*Brief*.
Copy out exactly the lines spanning the line with "Striped tops: DRESSTERIOR, Black" to the line with "Azalea Skye Cora", inclusive, from the data underneath, with no pictures.

*Records provided*.
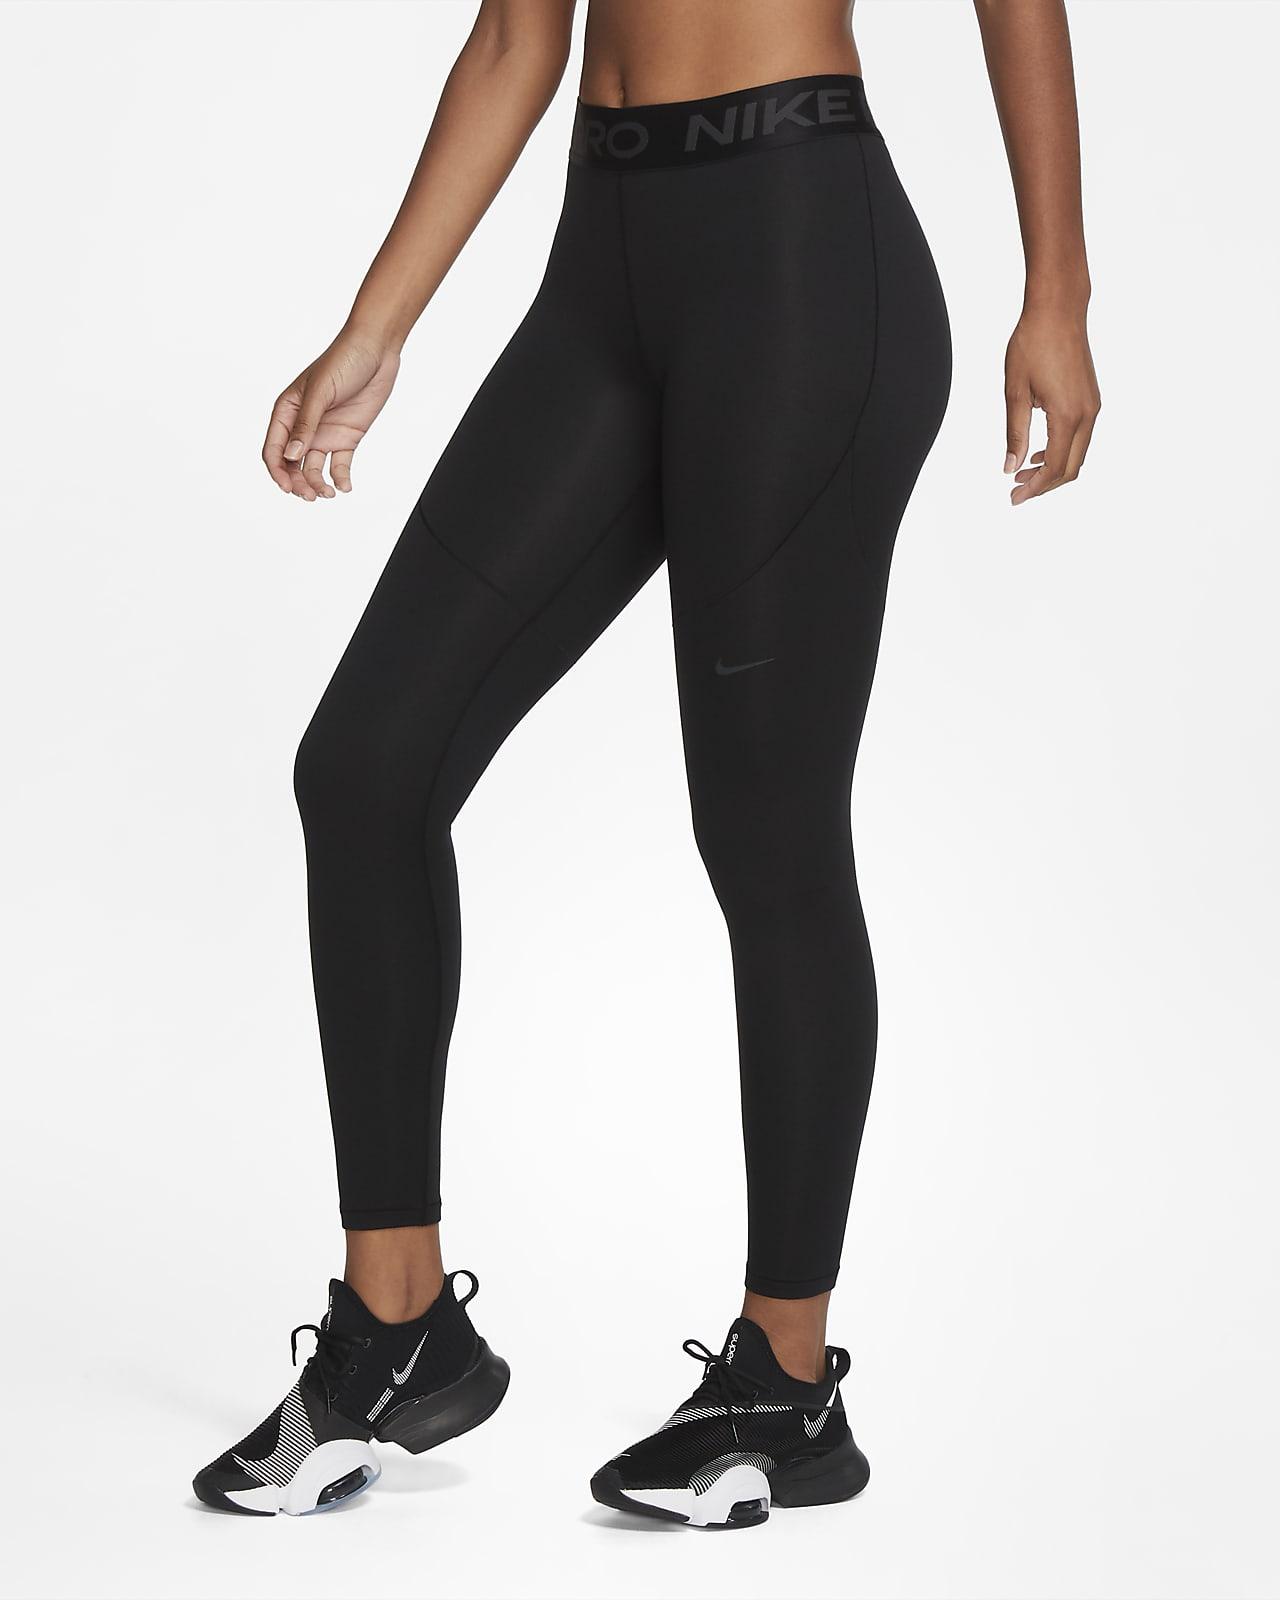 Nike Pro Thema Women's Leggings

==

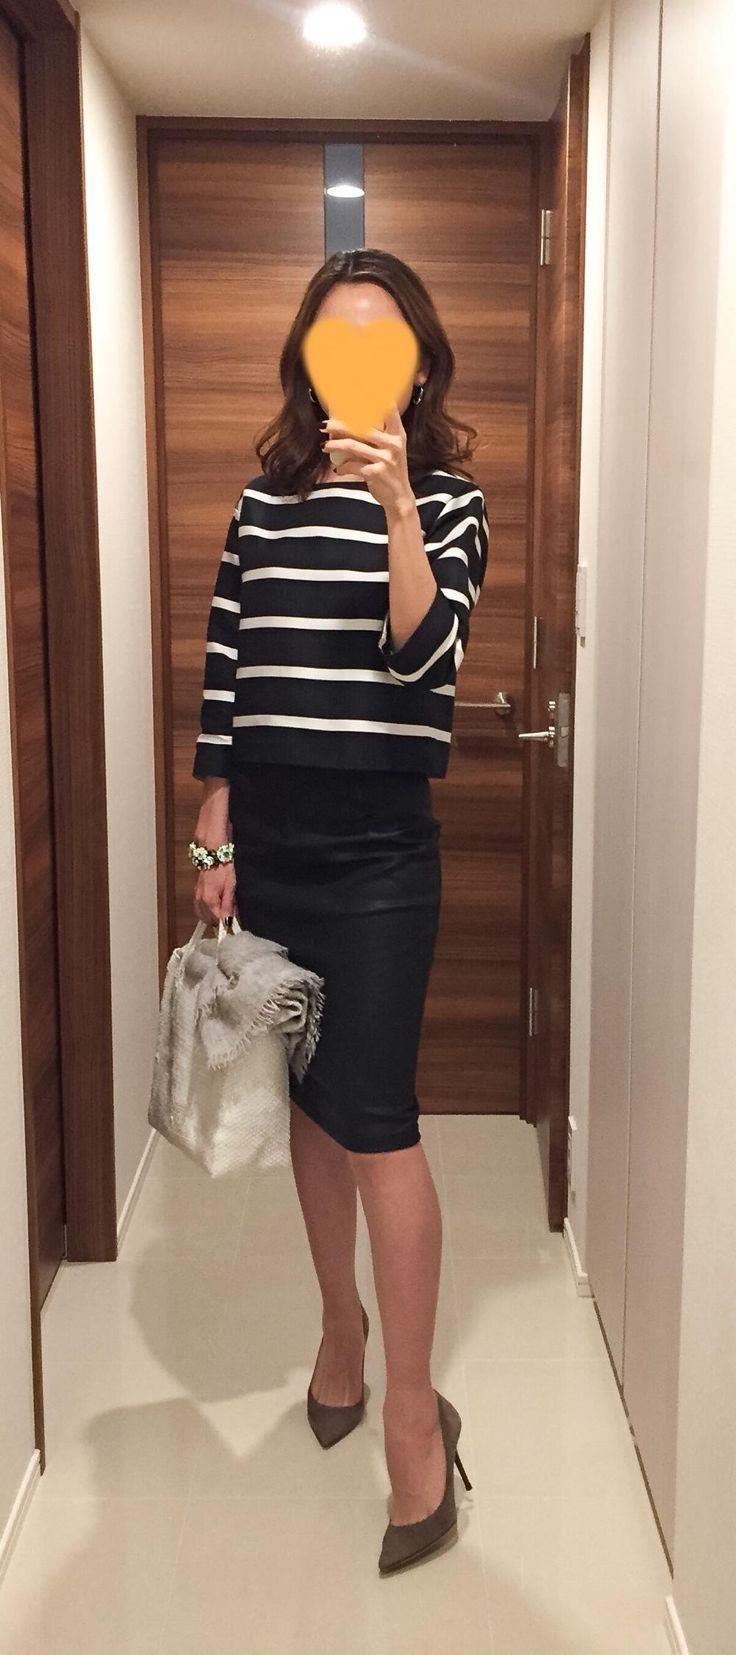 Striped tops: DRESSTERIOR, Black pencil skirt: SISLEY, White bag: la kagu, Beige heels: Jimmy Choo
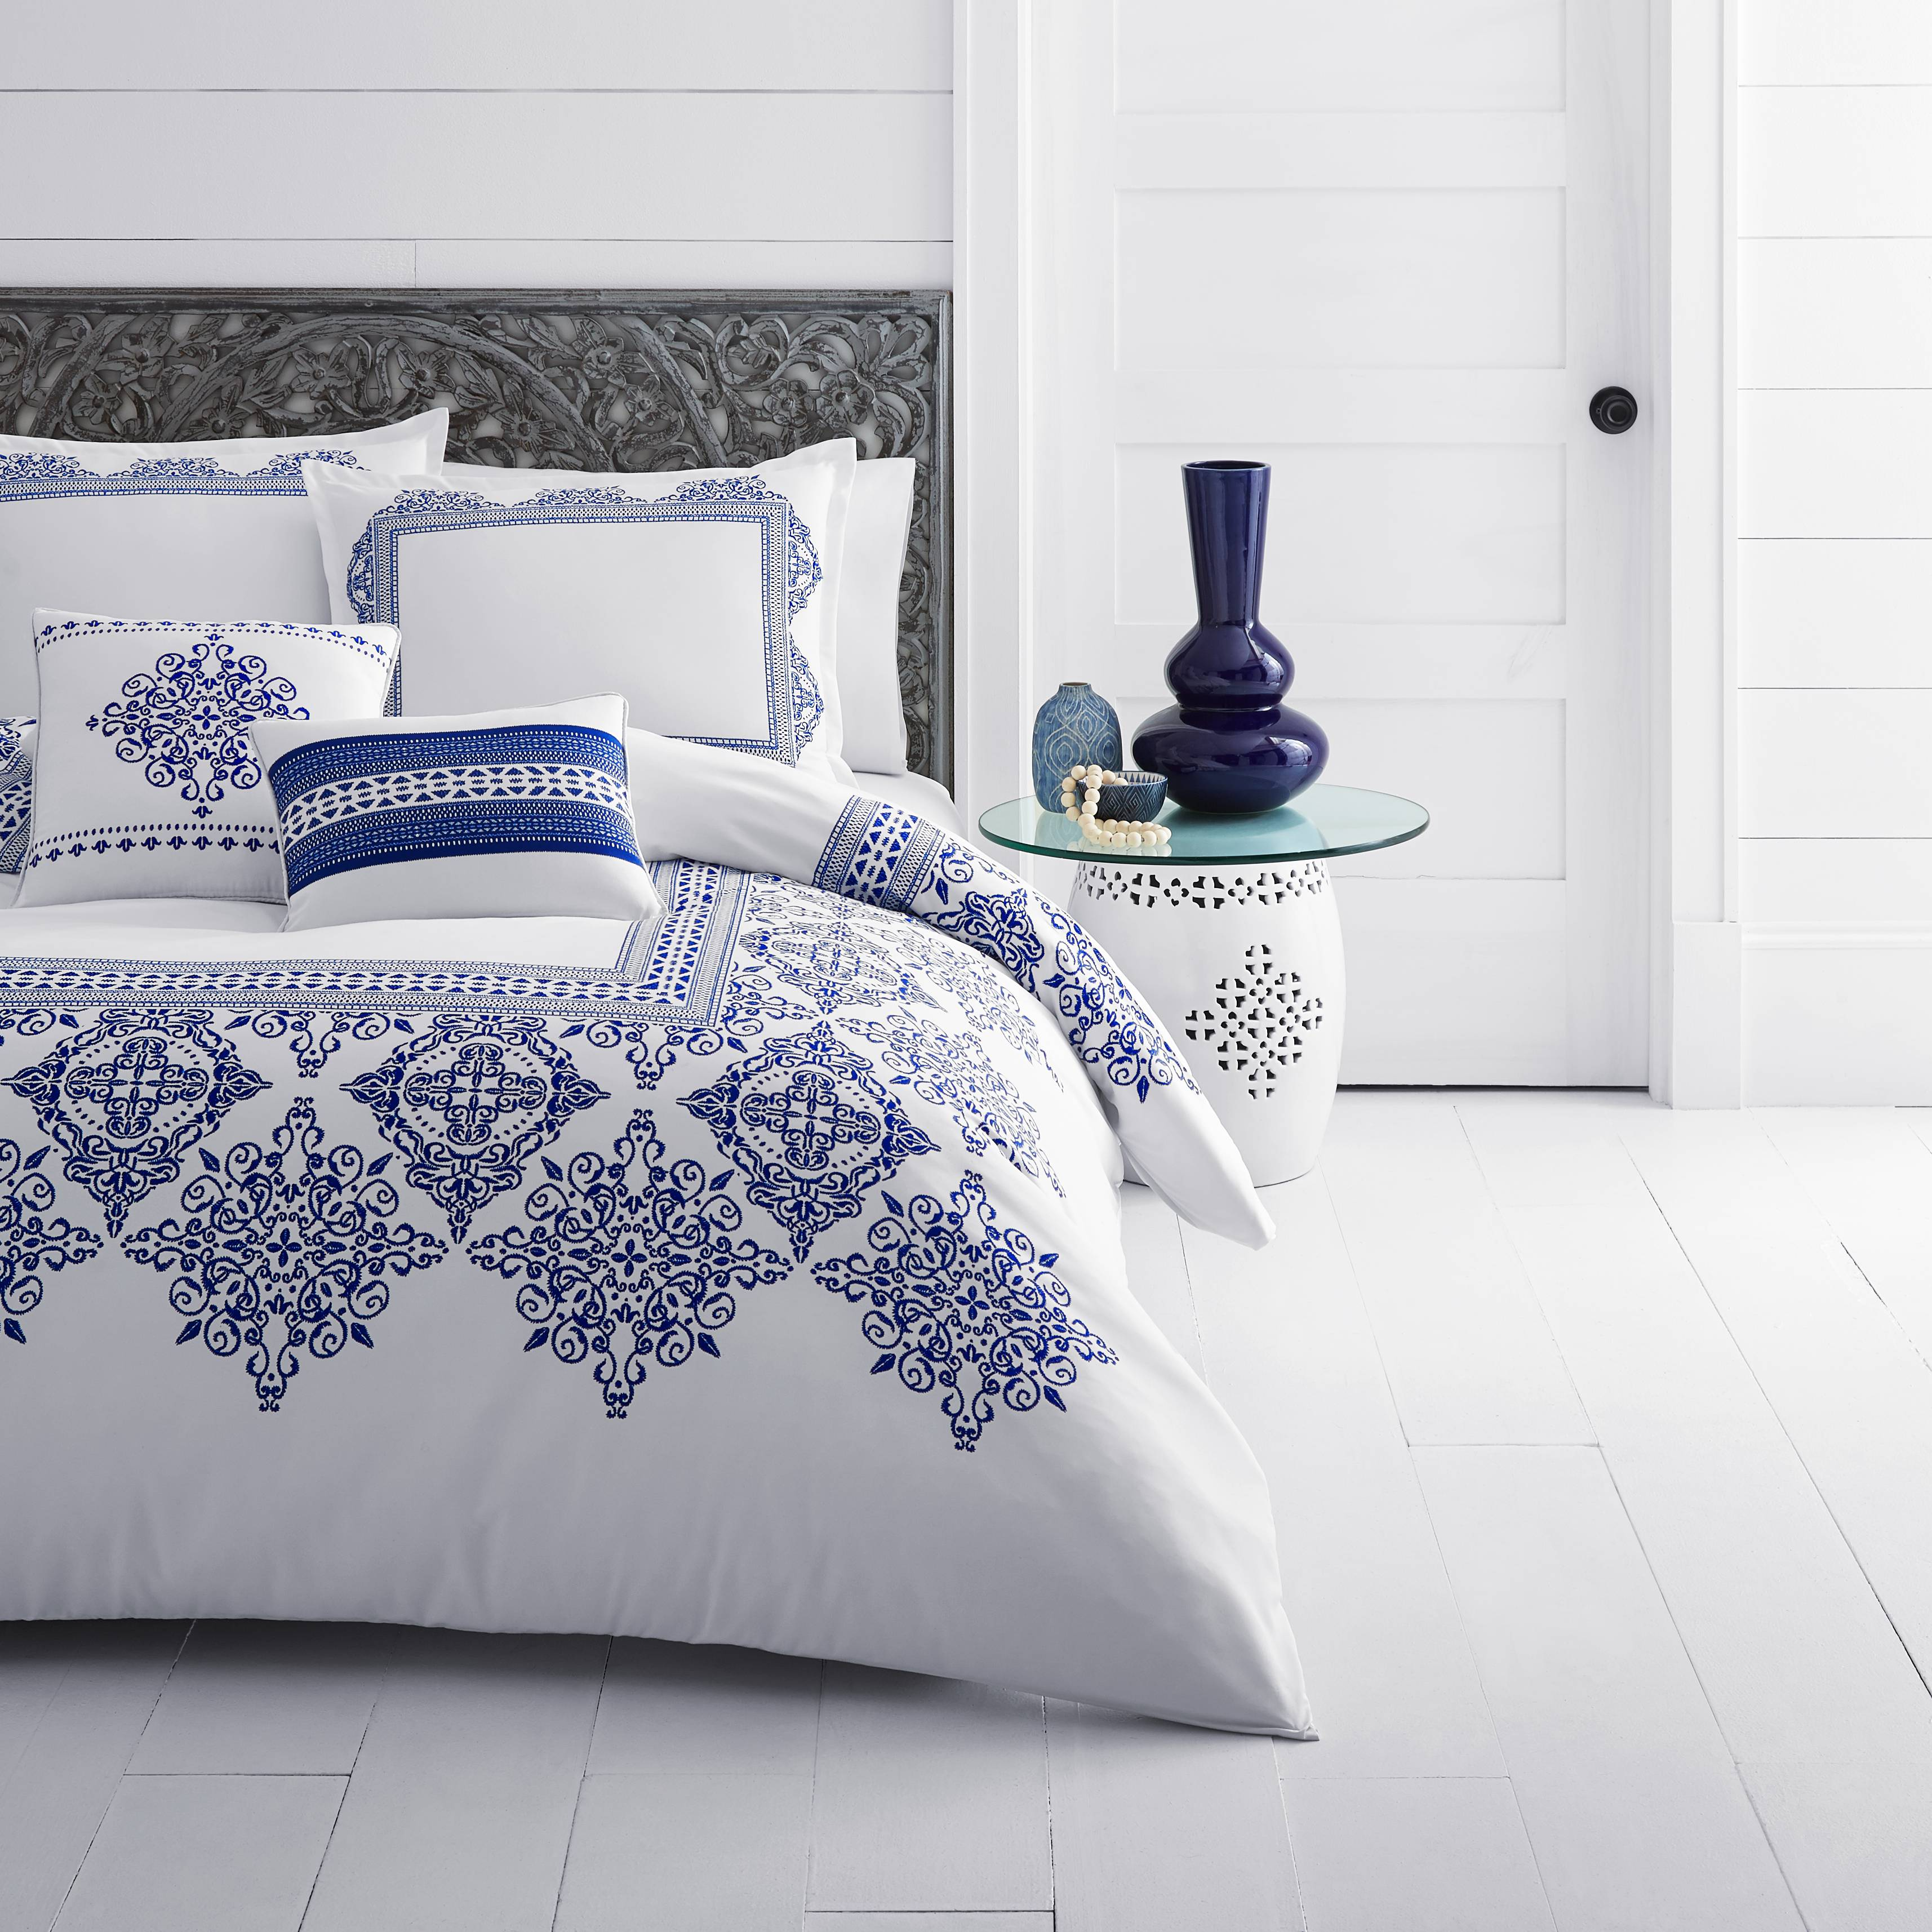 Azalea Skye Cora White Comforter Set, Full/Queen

...

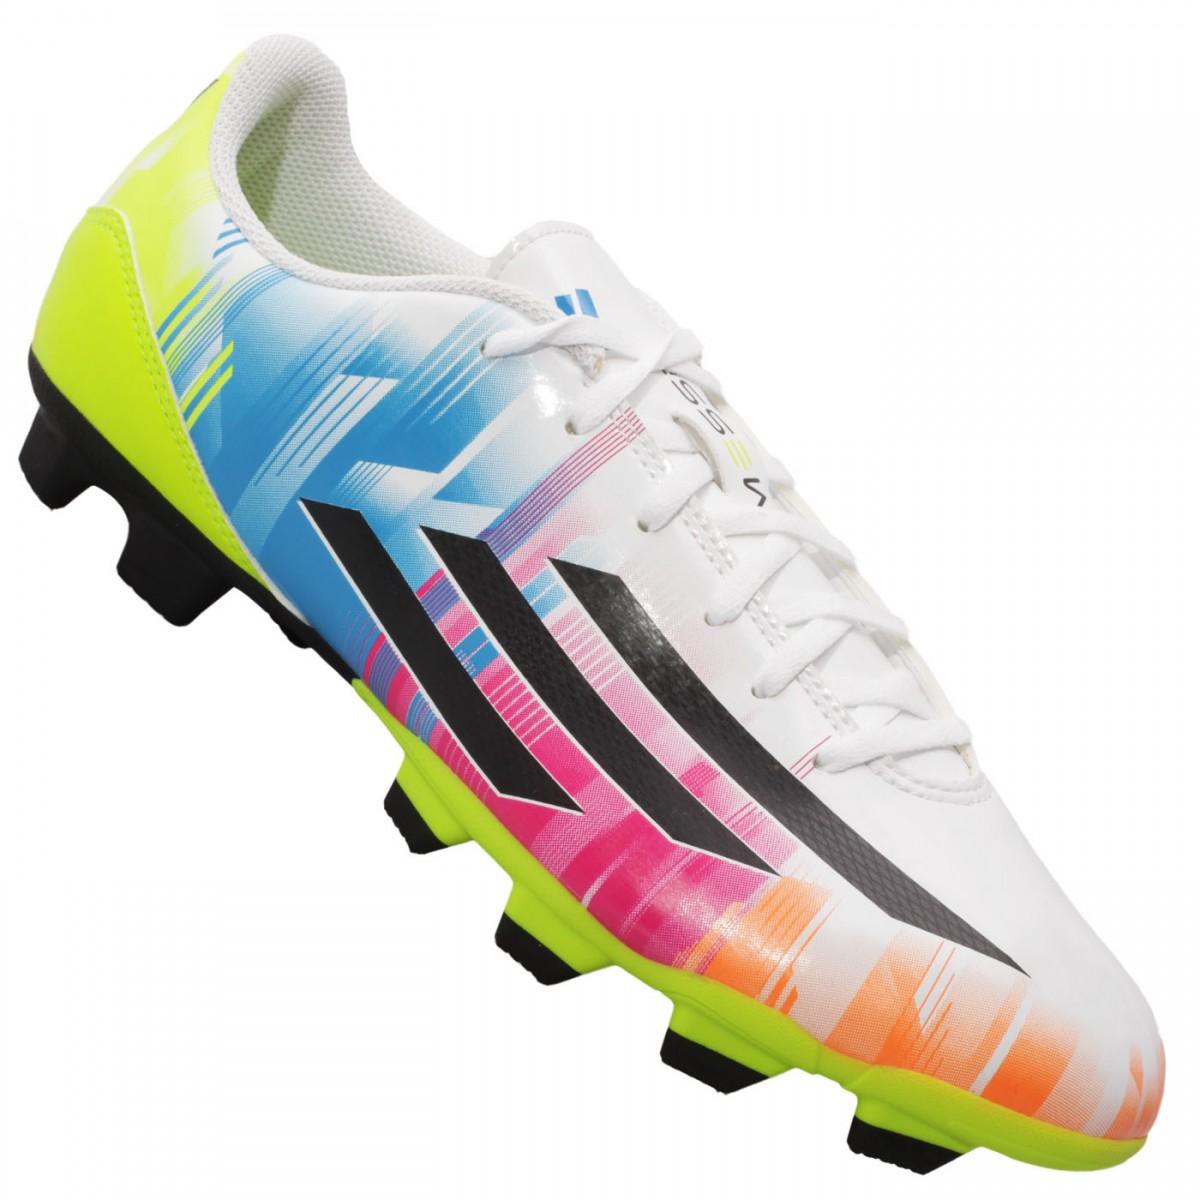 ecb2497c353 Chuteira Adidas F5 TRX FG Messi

*Exercise result*.
 Striped tops: DRESSTERIOR, Black pencil skirt: SISLEY, White bag: la kagu, Beige heels: Jimmy Choo
 Azalea Skye Cora White Comforter Set, Full/Queen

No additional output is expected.